To determine, using a comprehensive MRI investigation, prevalence and vascular correlates of early left-ventricular concentric remodeling in middle-aged patients with abdominal obesity. Left-ventricular and vascular remodeling are commonly associated with hypertension, but little is known for abdominal obesity patients, a population with definite increase in cardiovascular risk and high rates of further developments of hypertension and of the metabolic syndrome.

Methods:

Seventy middle-aged abdominal obesity patients (56 ± 5 years, 49% women, 69% with body mass index > 30 kg/m2), who had no additional cardiovascular risk factor except for untreated stage 1 hypertension (16%), and 40 controls underwent MRI for detecting concentric remodeling (increase in left-ventricular mass/end-diastolic volume ratio) and identifying potential determinants, including arterial compliance indexes [aortic pulse wave velocity and total arterial compliance (TAC)] and total peripheral vascular resistances (TPVRs).

Results:

Twenty abdominal obesity patients (29%) had concentric remodeling (concentric remodeling+), whereas 50 did not (concentric remodeling−).
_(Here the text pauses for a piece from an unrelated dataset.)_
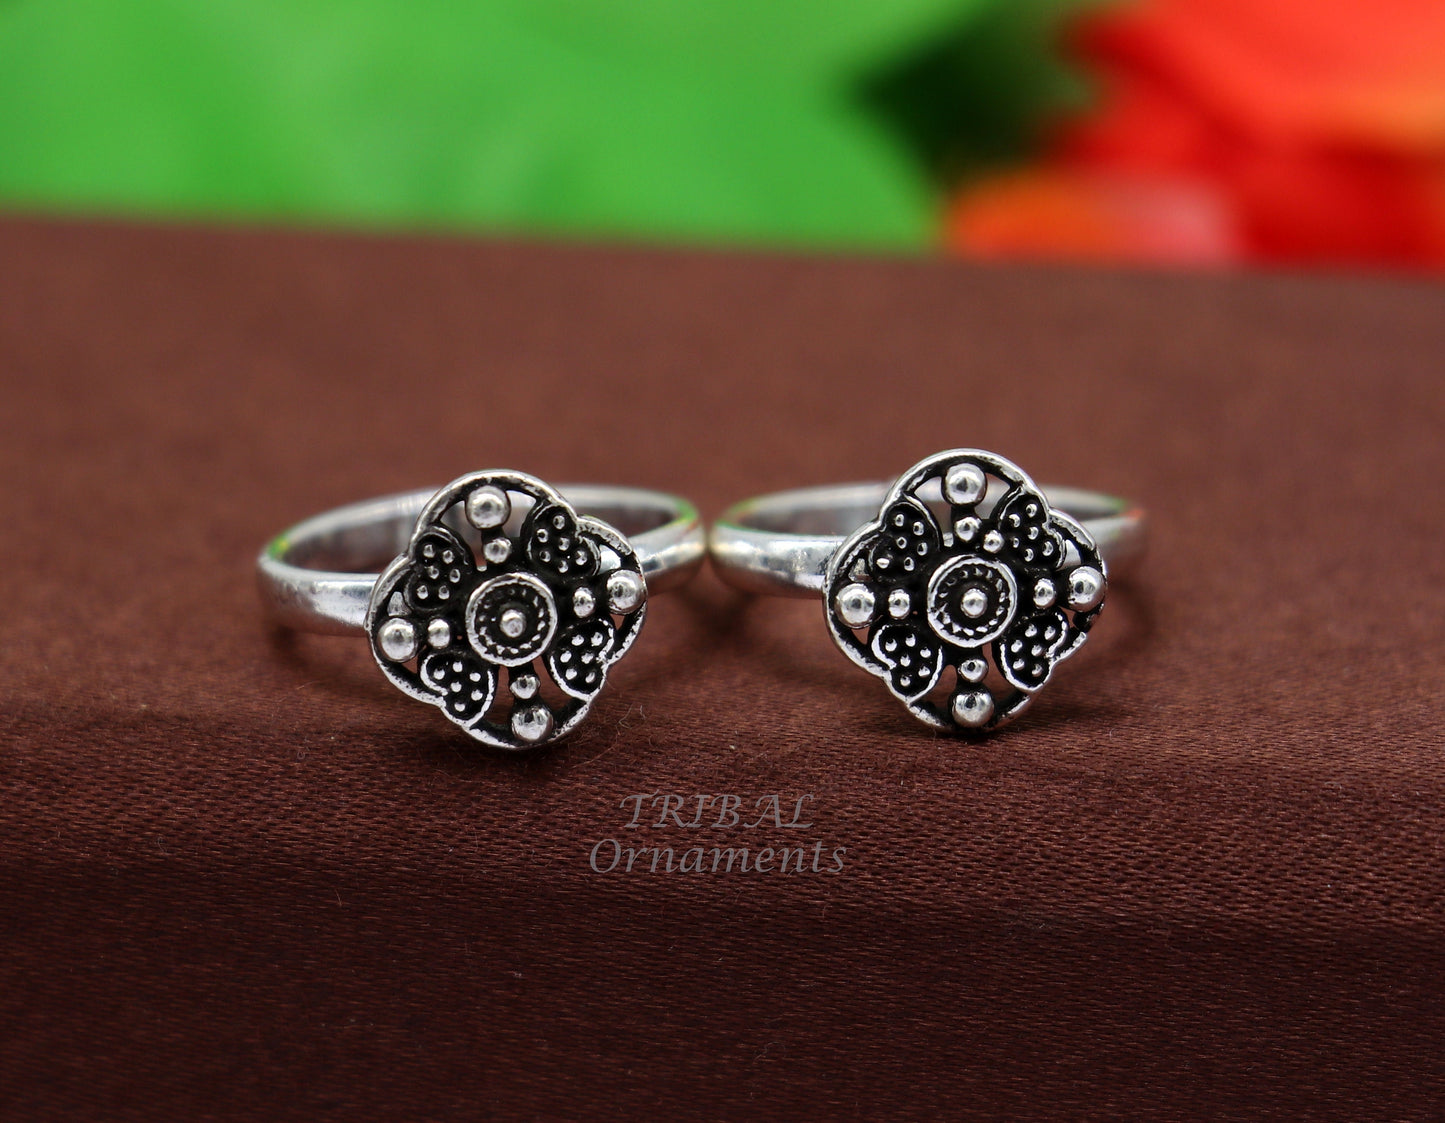 925 sterling silver amazing flower design handmade toe ring, toe band stylish modern women's brides jewelry, india traditional jewelry ytr53 - TRIBAL ORNAMENTS

Concentric remodeling+ patients were mostly men (85%), they frequently had stage 1 hypertension (45%) and few had left-ventricular hypertrophy (20%). When adjusted for sex, there was a step-by-step decline in TAC between controls (mean ± SEM: 2.10 ± 0.06 ml/mmHg), concentric remodeling− (1.82 ± 0.06 ml/mmHg) and concentric remodeling+ (1.42 ± 0.09 ml/mmHg, P < 0.005 for inter-group comparisons) and TPVRs were lower than controls for concentric remodeling− (14.7 ± 0.5 vs. 16.8 ± 0.5 ml/mmHg, P = 0.005) but not for concentric remodeling+ (17.5 ± 0.7 mmHg/min per l).

Conclusions:

Concentric remodeling is frequently documented by MRI in the middle-aged men with abdominal obesity and in association with a decrease in TAC no longer counter-balanced by a decrease in TPVR, suggesting a remodeling from proximal to peripheral vasculature.